Indi - how lucky that you were able to keep your baby son. My daughter was born in 1960 when I was 19, so I wasn't even particularly young, but I, like many others I was banished from home, so the neighbours and relatives wouldn't know anything. And as thea543 says, I was told I had to give up my baby for adoption as it was the best thing for her and that if I didn't, I was just being selfish and didn't really love her. In reality I had no choice, my parents wouldn't have let me take her home, and no-one ever said that there was a 1948 Act that would have given me some benefits to live on and none of the other unmarried mothers knew anything about it either, or they would have told the rest of us.
She found me about 4 years ago and I did tell my mother, before she died, that I'd met her and showed her lots of photographs that her adoptive parents had sent for me of her babyhood, chldhood etc. which is lovely as I have a complete photographic record of her growing up. My mum then said that she was sorry she'd made me give her up for adoption but that it was what she had to do at the time. Ironically, after telling me never to tell anyone - and I didn't until my daughter contacted me, and then I waited another year - mum told me that she had told one of my aunts, and I know that aunt certainly wouldn't have kept it to herself, so in a way the whole point of having the baby was negated.

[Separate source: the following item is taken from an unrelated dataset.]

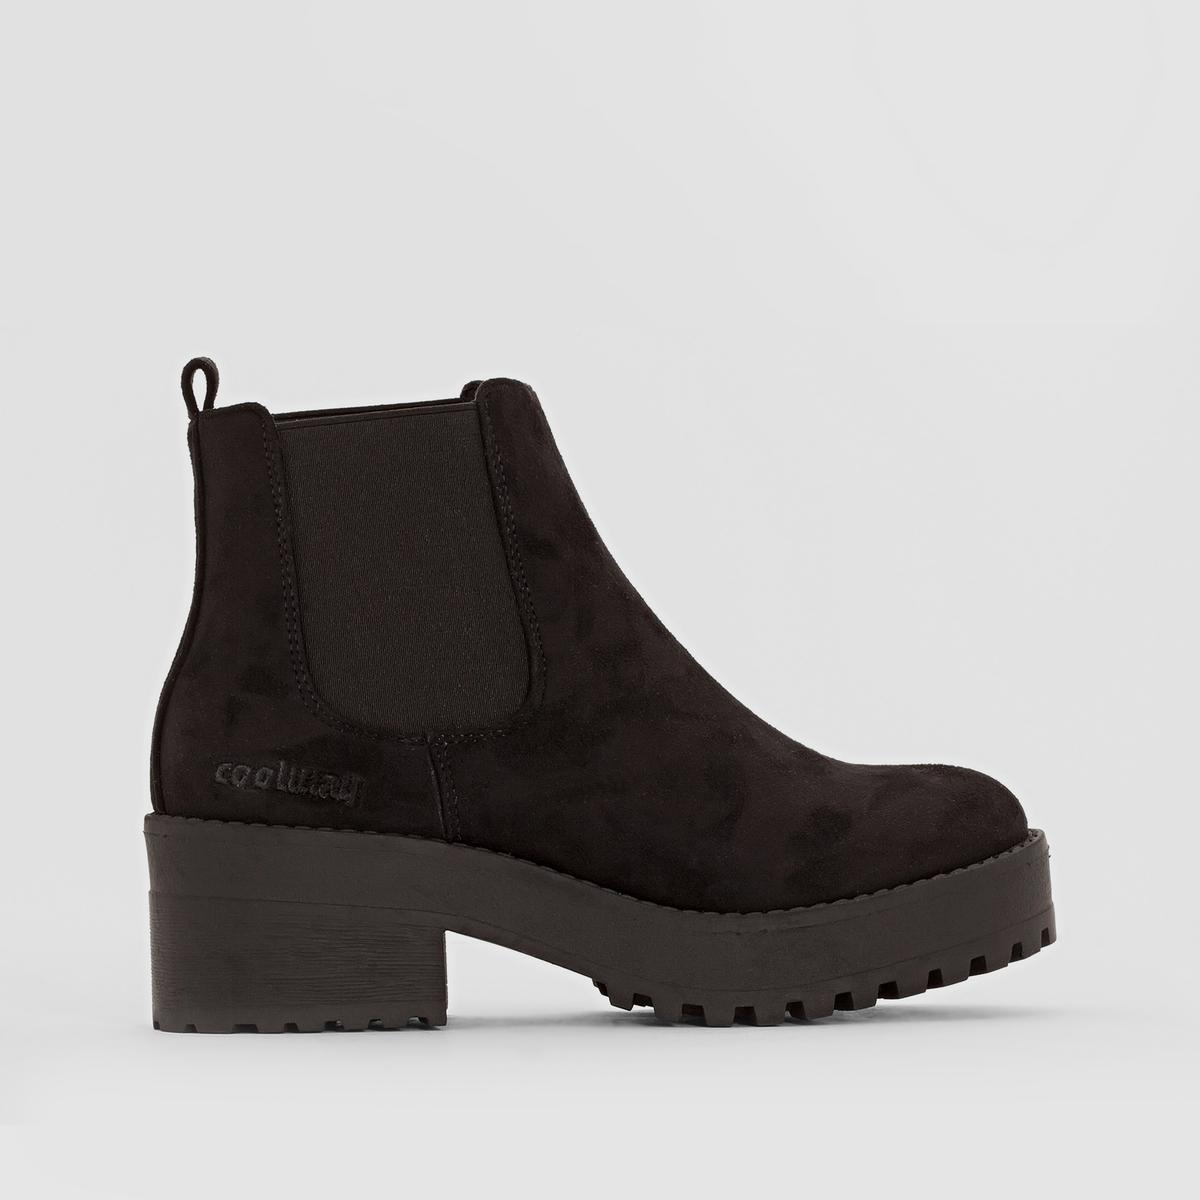 Ботильоны BASHAПодкладка : Микрофибра    Стелька : Микрофибра     Подошва : Резина  Высота каблука : 5 см Высота голенища  : 11 см.   Форма каблука : Широкий    Носок : Закругленный.   Застежка : Без застежки<br><br>Цвет: черный

Research has now shown, that taking babies away from their mothers who have had to care for them for anything up to six weeks or more, damages the babies as much if not more than the mothers, as they are, in effect, separated from the only person that they know. Certainly, my daughter, all though very loved by her adoptive parents and a "natural" brother who arrived about 15 months later, subconsciously still feels the loss of that separation, and finds it difficult to have a relationship with anyone in case she loses out again. I'm sure that's not the case with all adopted children, but at least nowadays, even if the mothers are very young, 13, 14 etc. they are allowed to keep their babies and even if they are not materially well off, the babies are loved by their extended families.